А. И. Введенский
Метафизика и ее задачи
истинное и кажущееся бытие
(из книги «Логика как часть теории познания»)
В настоящее время подавляющее большинство авторов, по крайней мере те, которые не хотят пользоваться в своих рассуждениях двусмысленными словами, употребляют слово «метафизика» только в смысле учения об истинном бытии, т. е. о бытии, мыслимом в том виде, как оно существует само по себе, независимо от того, каким оно сознается нами или каким представляется нам существующим. При этом истинное бытие противопоставляется кажущемуся бытию. Под последним подразумевается бытие, мыслимое в том виде, как оно кажется или представляется нам существующим. Истинное и кажущееся бытие называется еще и другими именами. Под влиянием греческой философии первое называют ноуменами (от греческого слова «мыслимое», «умопостигаемое») или ноуменальным бытием, а второе — феноменами (от греческого слова «казаться») или феноменальным бытием. С конца же восемнадцатого века под влиянием немецкого философа Канта (1724–1804) истинное бытие называют также вещами в себе. Это перевод латинского выражения res in se или немецкого Ding an sich. Кажущееся же бытие под влиянием Канта стали называть явлениями (Erscheinung). Но надо твердо помнить, что слово «явление», когда под ним подразумевают кажущееся бытие, имеет более широкое значение, чем в естественных науках. В последних явлением называется только какая-либо перемена в вещах, но не сами вещи, напр.: падение тела, соединение химических веществ в одно сложное тело, разложение сложного тела на простые и т. п. В философии же называют всякое кажущееся бытие явлением, следов., и вещи, если они мыслятся в том виде, как они всего лишь представляются или кажутся нам, а не как существуют сами по себе.

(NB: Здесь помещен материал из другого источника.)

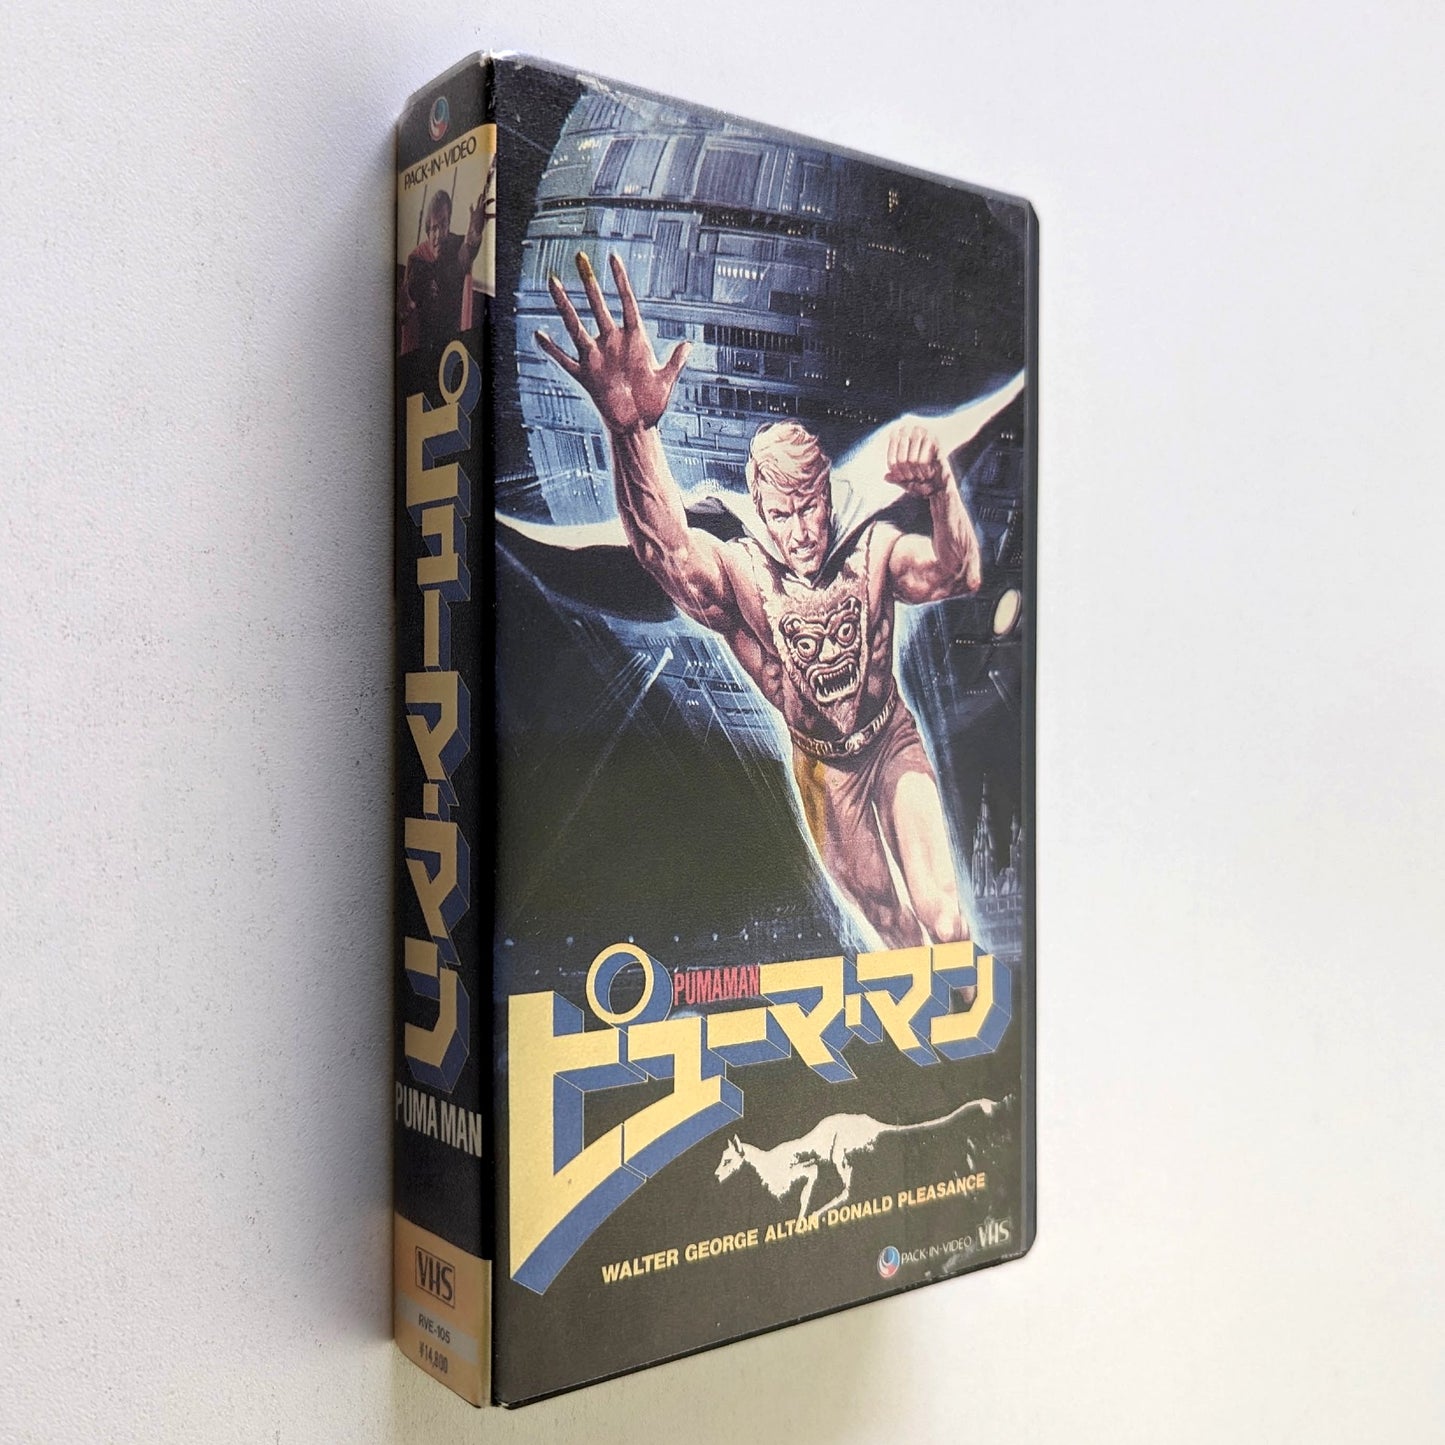 Puma Man, The (1980) Japanese VHS

Однако не следует думать, будто бы понятия истинного и кажущегося бытия созданы метафизикой. Напротив, они от нее получили только свои разные названия, а возникают они, но без определенного названия, еще раньше всякой метафизики. Более того, оттого-то и возникает сама метафизика, что эти понятия существуют еще раньше ее возникновения. Это они заставляют ее возникнуть. Происходит это следующим образом: наблюдая бытие, как оно дано нам в опыте, мы сначала, конечно, относимся ко всем данным опыта с полным доверием. Сначала мы вполне убеждены, что все они образуют собою истинное бытие. Но постепенно мы встречаем ряд фактов, внушающих нам подозрение: таково ли истинное бытие, как то, которое дано нам в опыте? Напр.: нам кидается в глаза, что та самая вещь, которая одним человеком чувствуется как теплая, другим чувствуется как холодная. Или: человек, отличающийся той особенностью зрения, которая называется дальтонизмом, видит спелую ягоду земляники и лист земляники одинаково окрашенными, причем никак не узнаешь, какой именно цвет имеют в его глазах и лист, и ягода: тот ли, который другие люди называют красным, или же тот, который — зеленым, или же какой-нибудь неведомый третий. Сам дальтонист может только сказать, что и лист, и ягода одного цвета, описать же этот цвет, конечно, нельзя; ведь цвет настолько неописуем, что слепорожденных никакими описаниями нельзя довести до знания цвета. Но как бы ни стояло дело, несомненно, что либо ягода земляники, либо ее лист для дальтониста окрашены не в такой цвет, как для других людей. А разве могла бы одна и та же вещь быть сразу и теплой и холодной, окрашенной для дальтониста в один, а для других людей в другой цвет, если бы она воспринималась нами в опыте в том виде, в каком она существует и в действительности? Кроме того, есть множество других фактов, которые возбуждают то же самое подозрение: таковы ли вещи в действительности, какими они нам кажутся данными в опыте? Распространяться об этих фактах в настоящую минуту нет никакой надобности. И без того ясно, что упомянутое подозрение принуждает философию уже при самом ее возникновении заняться исследованием истинного бытия.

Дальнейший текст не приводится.